*Post actualizado: 2019_Julio

Fue todo muy rápido.

Mi pequeñín tenía sólo 7 días de vida.

Viernes, 10 de febrero de 2012, los pechos con grietas, apenas podía sentarme por las heridas que tenía del parto, y tuvimos que emprender viaje al HOSPITAL, que está a unas dos horas de nuestra ciudad, para que nuestro campeón tuviese su primera visita en traumatología. Ese viaje fue toda una odisea.

Mi marido y yo recordamos esa visita con una pesadumbre muy dolorosa.

Fue la primera vez que oímos llorar a nuestro hijo con una energía que hasta entonces no había tenido. Porque hasta entonces no había llorado, sólo había producido algún chemeco.

Y fuimos a esa visita sin saber a lo que íbamos, porque nadie nos dijo nada. Nadie nos explicó nada, y lo dejaron todo a que allí nos dirían.

*Ahora, más de siete años después, sé que a quien vive allí los citan con Traumatología en cuanto se produce el diagnóstico (normalmente en la ecografía de las veinte semanas). Y eso me produce mucha más desazón, o rabia, o dolor… porque yo necesité esa visita también, pero no me la ofrecieron. Ni siquiera supe que existía esa posibilidad.

Por eso mi consejo es que, si tampoco te han ofrecido esa posibilidad, la pidas, porque aunque no lo sepas, la necesitas. Y es un derecho que tienes y que puede marcar la diferencia en el buen desarrollo de la corrección de tu bebé.

Ese día hubo dos traumatólogos y varias auxiliares, además de estudiantes en la consulta (es un hospital universitario).

Corrección de los pies zambos mediante el Método Ponseti 🙂

Lo primero que hicieron fue explicarnos cómo iban a corregir los pies de nuestro hijo: mediante el método Ponseti, una técnica con la que, si nosotros colaborábamos con sus indicaciones, nos aseguraban que los pies quedarían totalmente corregidos y el niño podría llevar una vida totalmente normal, jugar al fútbol o a lo que quisiera.

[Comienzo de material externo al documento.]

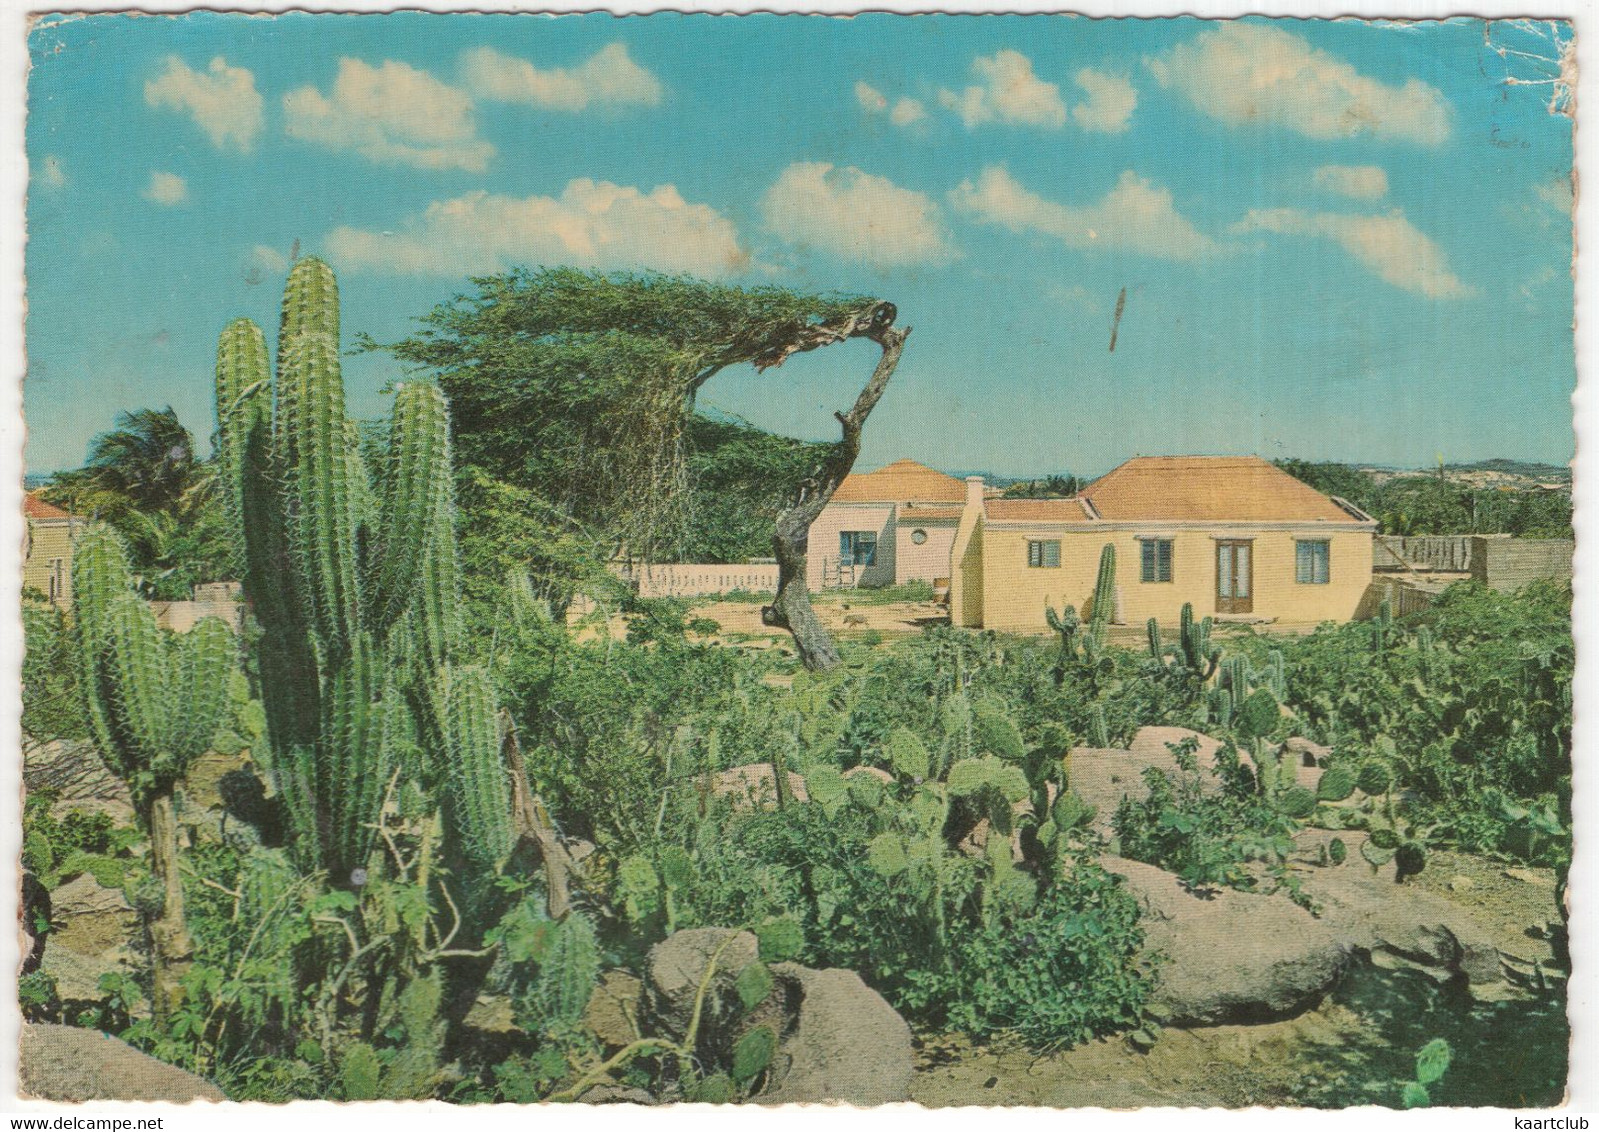 Aruba - Cactusfield With Typical Country Houses - (Neth. Antilles ) - Aruba
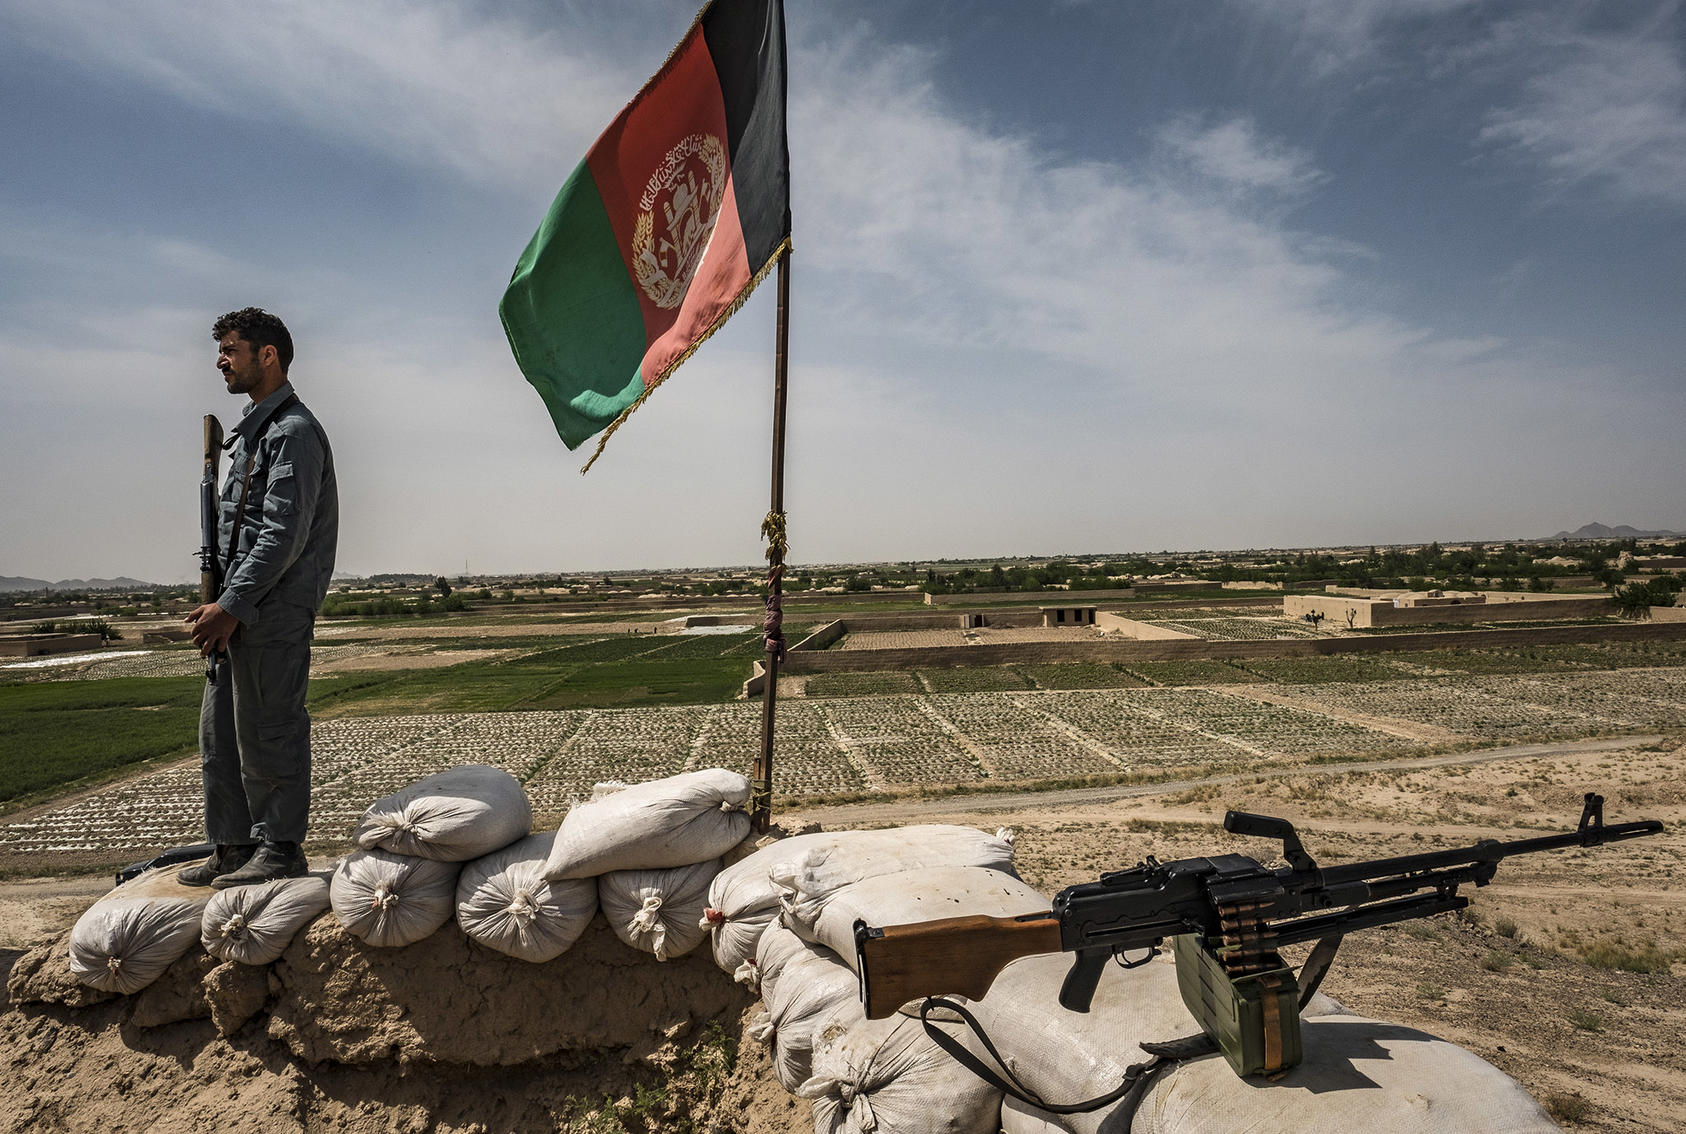 A police outpost north of Farah, Afghanistan, April 13, 2017. (Bryan Denton/The New York Times)

El método consiste en ponerle unos yesos cada semana hasta que los pies vuelven a la posición correcta, tras las que viene una tenotomía del tendón de Aquiles, otro período de escayolas para después utilizar una férula correctora que inmoviliza sus pies durante el primer año todo el día (aquí hay variaciones según la evolución del niño y las indicaciones que dé el traumatólogo, que establecerá cuándo ir reduciendo el número de horas durante el día), y hasta mínimo los cuatro años para dormir.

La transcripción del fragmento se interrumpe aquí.